Thursday, March 15, 2012

Rain, Germs and Your Health

It is raining. It has rained. Bucketfulls.

There is a virus circulating. It has circulated. Debilitating.

We are racing. We have raced. Both exhilarating and draining.


If ever there was a time and a place to augment this 'thing', it is now, it is here and the thing is how we deal with the circumstance.


The three facts listed above combine to give us yet another opportunity to put our knowledge into play and convert it to wisdom.


We all know that riding in the cold, dark, windy, rainy winter in the Pacific Northwest is flirting with disaster. I don't care how many lights, reflectors, bright colors or glow sticks you have on your bike, you are no match for a teen-aged texter behind the wheel of a two ton SUV in the dark. Riding in the rain is a character builder, you say? OK, at your wake I will say, "He had character" to your grieving family. Ride and train inside wise one. The summer will soon be here.
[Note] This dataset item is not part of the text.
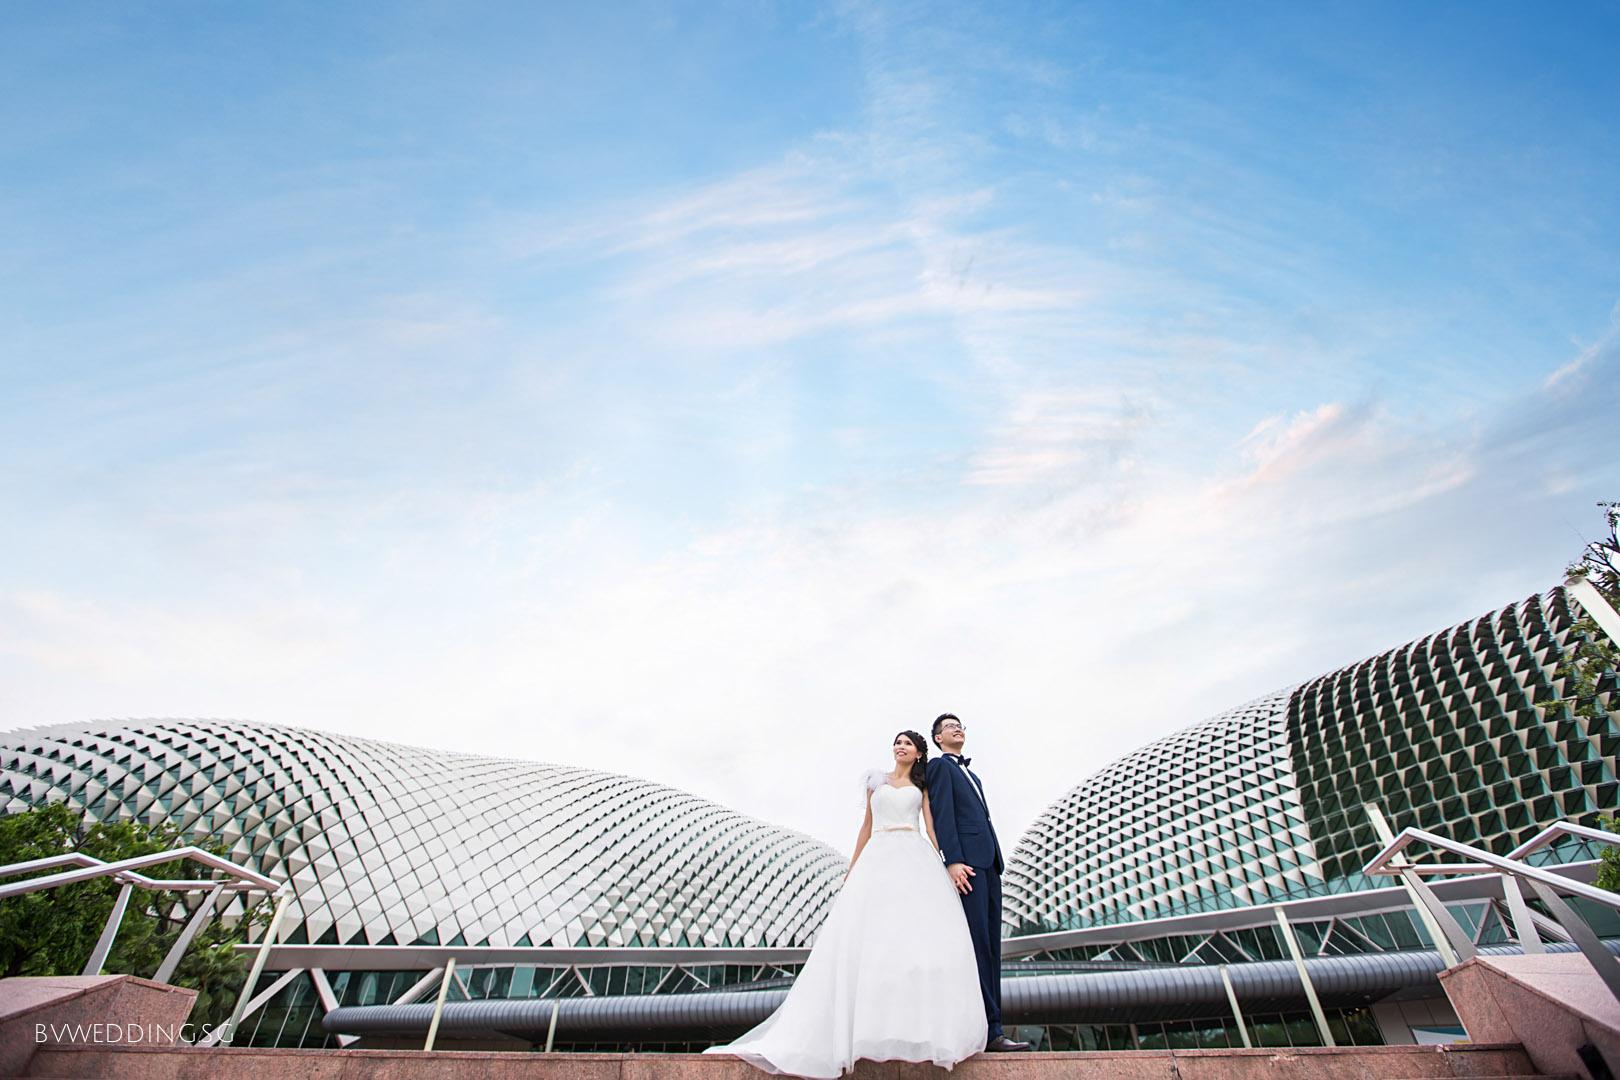 Pre-wedding photoshoot at esplanade

We all know that we need to wash our hands and cough into our arm. We need to eat right, stay hydrated and get plenty of sleep. The latter despite the cruel joke played on us every year by the 1% looking to increase productivity at the expense of our health. When a strain makes the rounds it usually does so with a touch of vigor. I will get a flu shot the day we officially surrender to Big Pharma, BUT they will have to catch me, tie me down and heavily sedate before I will allow the .gov stick a needle in my arm. So? So I eat as pre-hab, as clean as I can afford. Drink lots of water FROM MY WELL, and get as much sleep as duty decides. If one of those insidious bugs catches me in a weak, recovering moment, oh, well. I will also do my best not to give it to you like I give you free advice. (insert laughter here)


Coach Grandma used to say that you can train IF the cold, virus, bug or congestion is above your neck. If it is centered in your head, keep on keeping on. You might want to throttle back your intensity some, but aerobic work is fine. If it is in your chest or GI, take some time off. Let it run its course. You are well aware of CG's sayings there, too. The one's about chicken soup, vitamin C and an afghan by fireside.


Bottom line is to use your resting heart rate as a barometer. If you know what your RHR is, even a 5 bpm increase could indicate that you are, 1) Not recovered from your prior workout, or 2) Fighting an infection. Or both. Do the wise thing. Listen to what your body is saying.


It is speaking. It has spoken. Relentlessly.

It is changing. It has changed. Miraculously.

It is adapting. It has adapted. Knowledge to wisdom.


Ride inside. Eat right. Drink often. Sleep deep. Race hard.


Graphic: Just three of the many reasons to use the CompuTrainer: Rain, germs and your health.